I can’t believe I didn’t notice Wrong date at the time the photo was taken; I probably just wanted to move quickly from the side of the highway where it is located.
The Mississippi Department of Archives and History website, today says, Historic Marks “Sponsored and Funded Specially. Once the order is received and approved by the MDAH Board of Trustees, MDAH works with the manufacturer to create the tag. After completion, it is shipped to the Mississippi Department of Transportation, which then installs the tag at the appropriate historic location.

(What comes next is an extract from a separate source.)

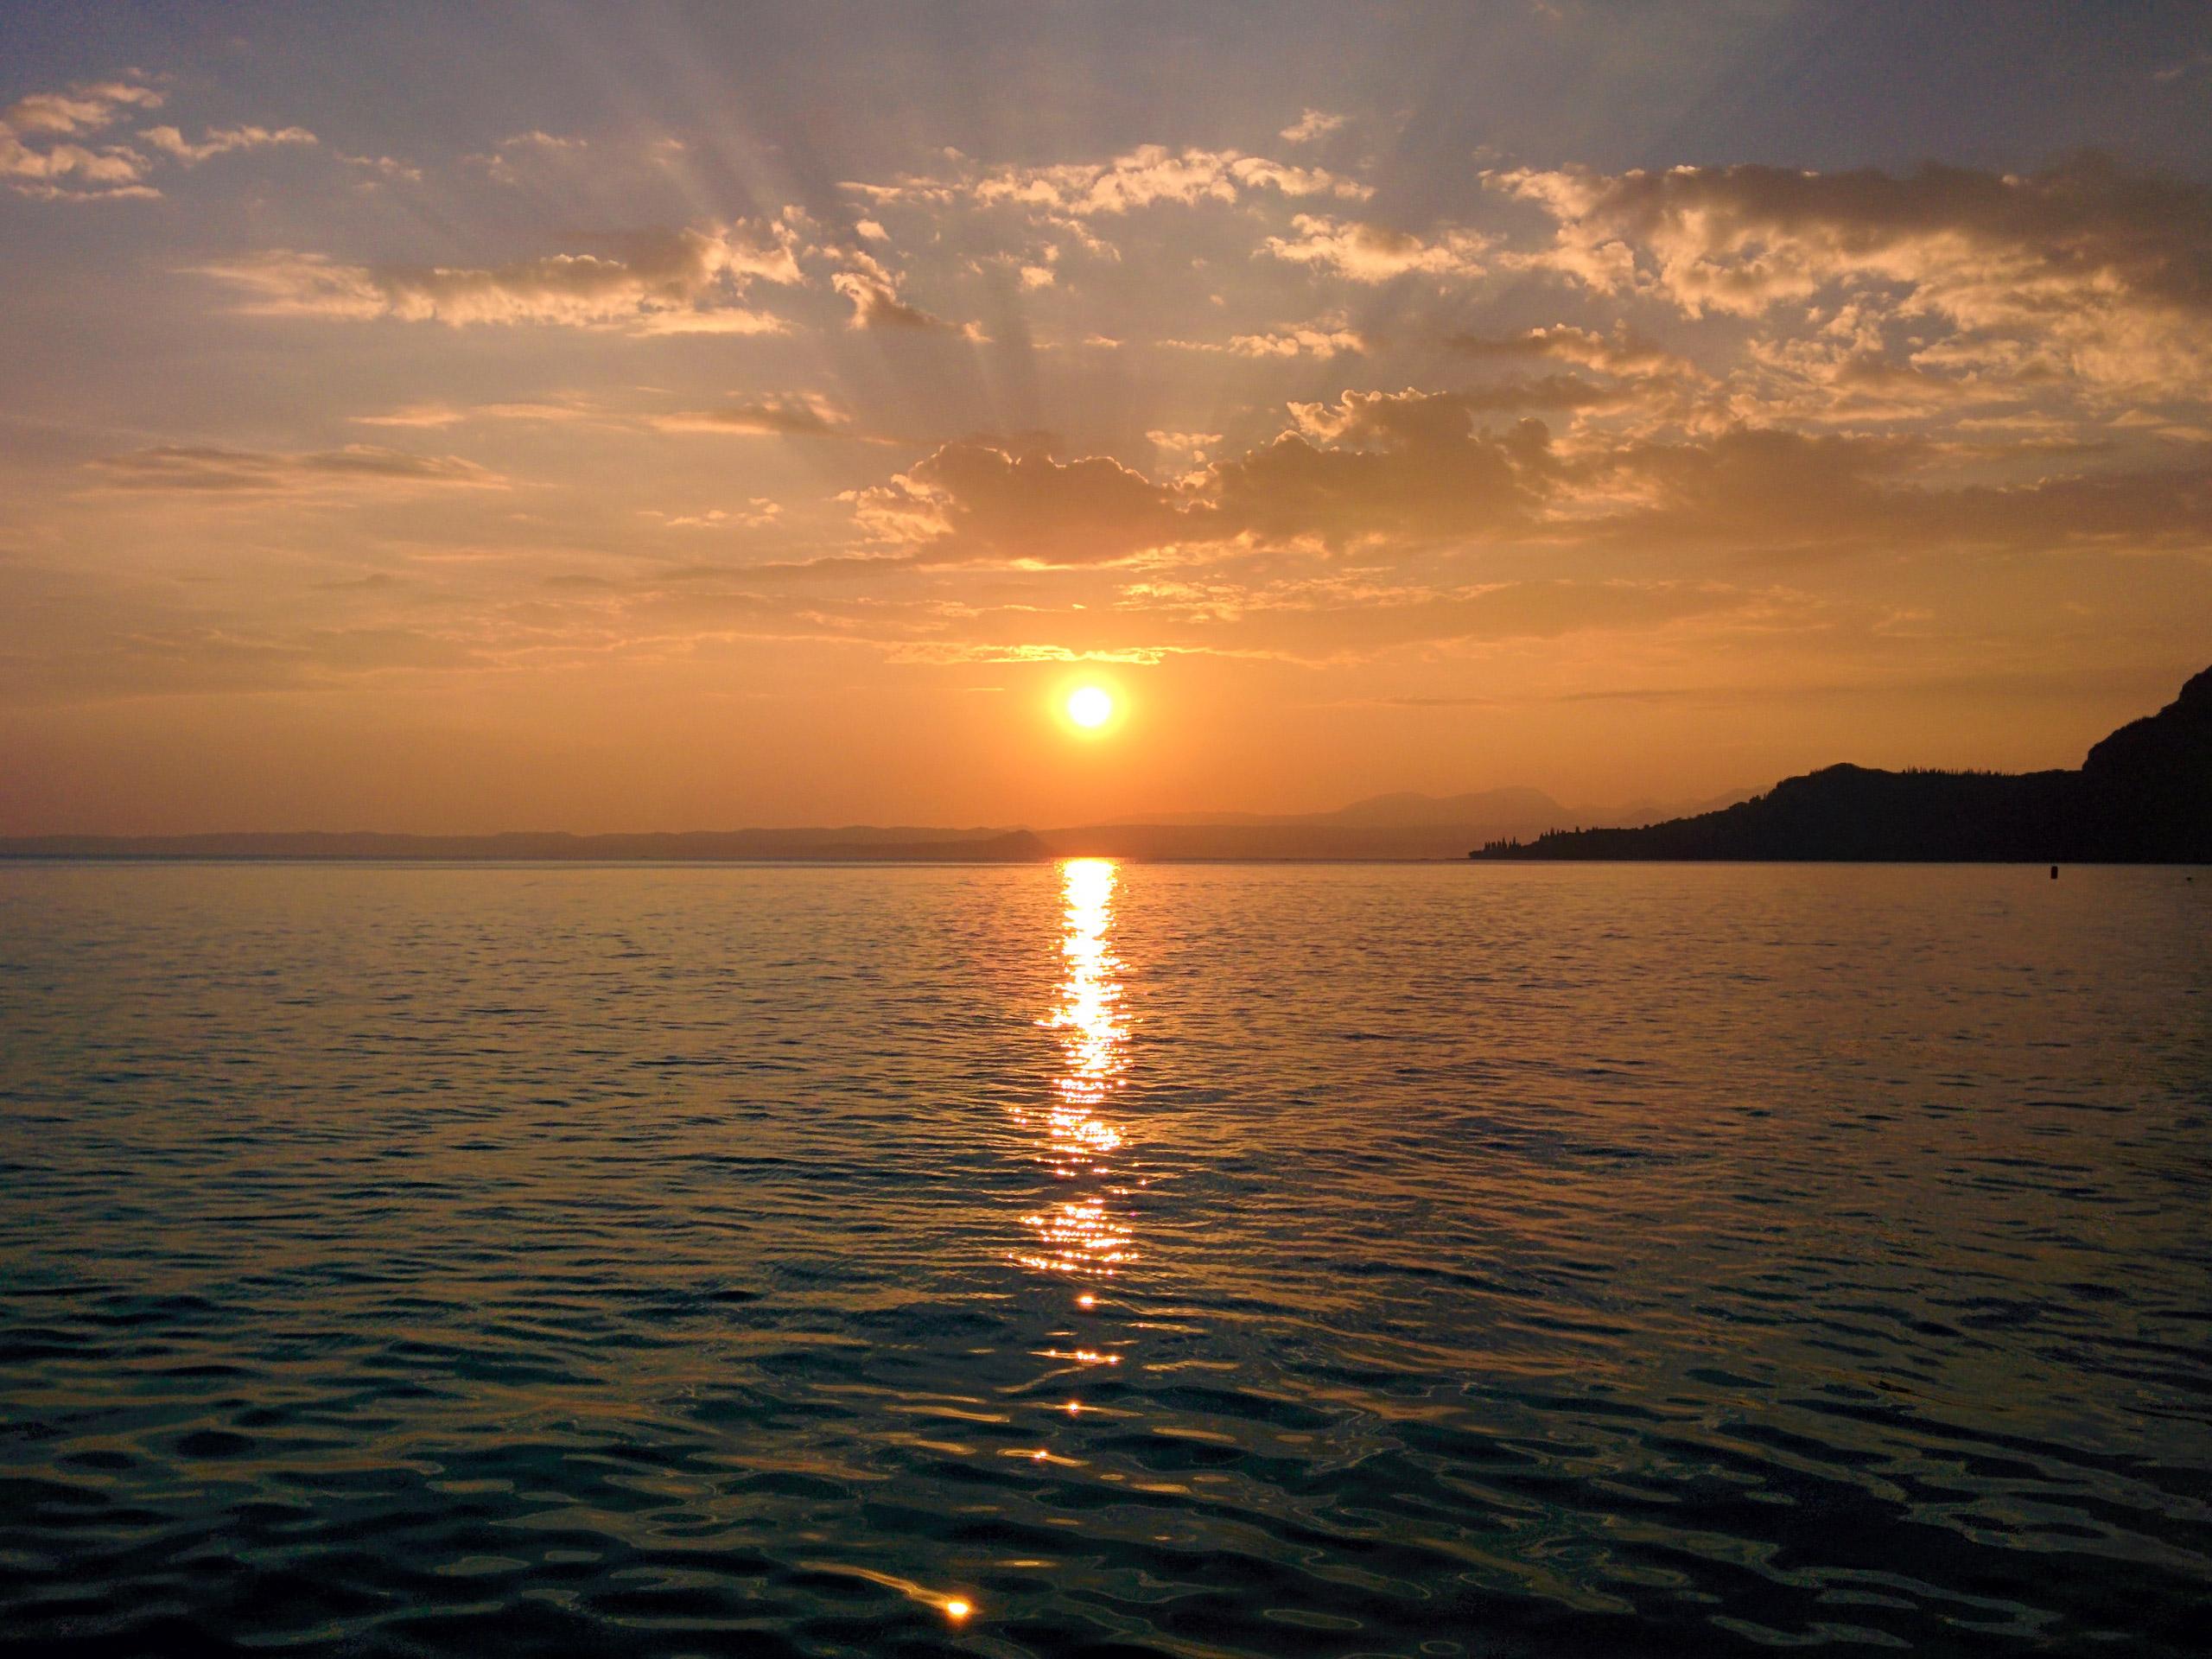 Sunset on the Lake Garda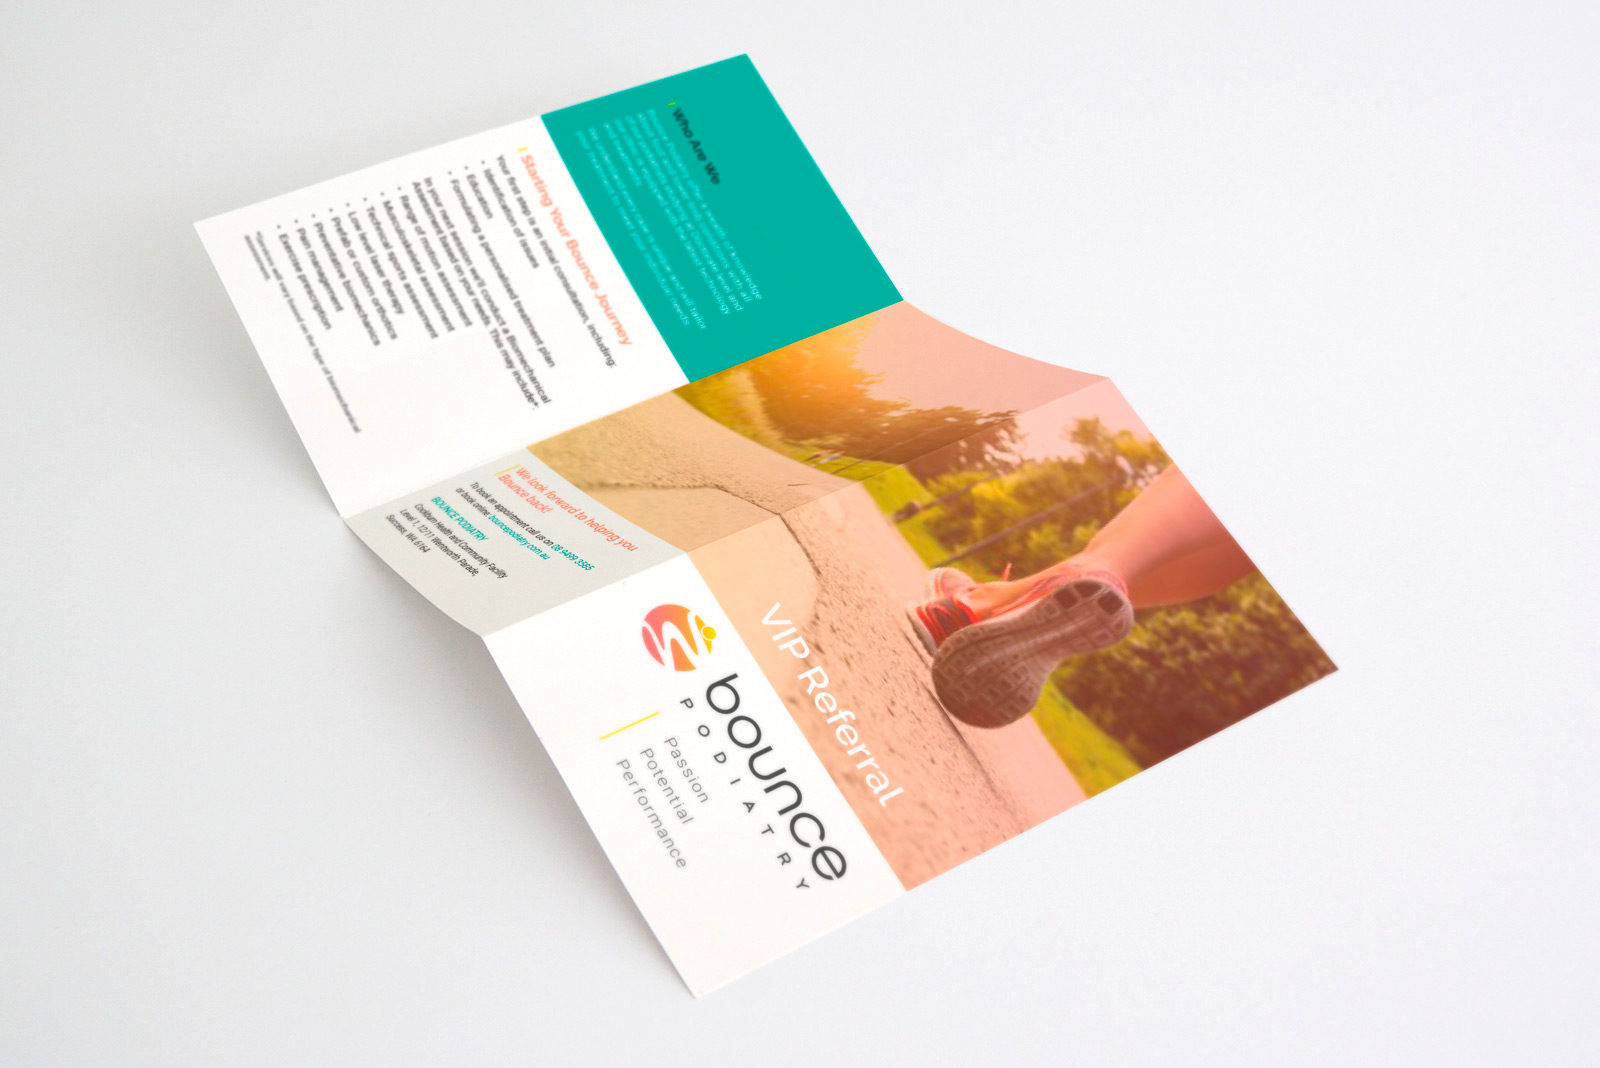 bounce-podiatry_brochure-outside_geena-mcinnes.jpg

The Mississippi Department of Archives and History told me this week that this system has been around for about 25 years. So private funders paid for the 1991 treaty mark, but the state of Mississippi paid for the first mark in 1949, the first year of the Mississippi mark program.
There is no quantification of the cost of creating either of these false tags from 1949 or 1991, but today’s 30″ x 42″ tag costs between $2,440 and $2,290, which includes a 7-foot post.
In today’s world where history and facts are hotly debated, including which parts of American states and Mississippi history are taught the most, humiliating historical inaccuracies have been on display for more than 70 years. We hope that this simple error will be easily corrected and the correct history of its importance and contribution to the development of the Mississippi case and effects on the Choctaw be recognized.
What happened on September 27, 1830 was horrific enough for Choctaw. The least the state of Mississippi could do is get the date directly on the signs that remain near the treaty site.
In 1831, Mississippi Choctaw George W. Harkins wrote an eloquent but directed letter To the United States on the Loss of the Choctaw Homelands and the Forced Displacement of Most of Our People: “Although your ancestors have gained freedom in the realm of danger and glory, our ancestors have rightfully owned it to them. … Yet our present movements are said to be our voluntary actions—which is not the case We found ourselves as a shady stranger, following false clues, until fire and water were surrounded on every side.
“We go sad, knowing that something has gone wrong,” Harkins continued. “Will you give us your sympathetic compliments so that all traces of hateful dissent are erased, and we shall once again be confident in the professions of our white brothers.”
However, he wished the condition he was leaving behind so much before embarking on the Trail of Tears: “As much as Mississippi has wronged us, I can find in my heart no other feelings than a craving for prosperity and happiness.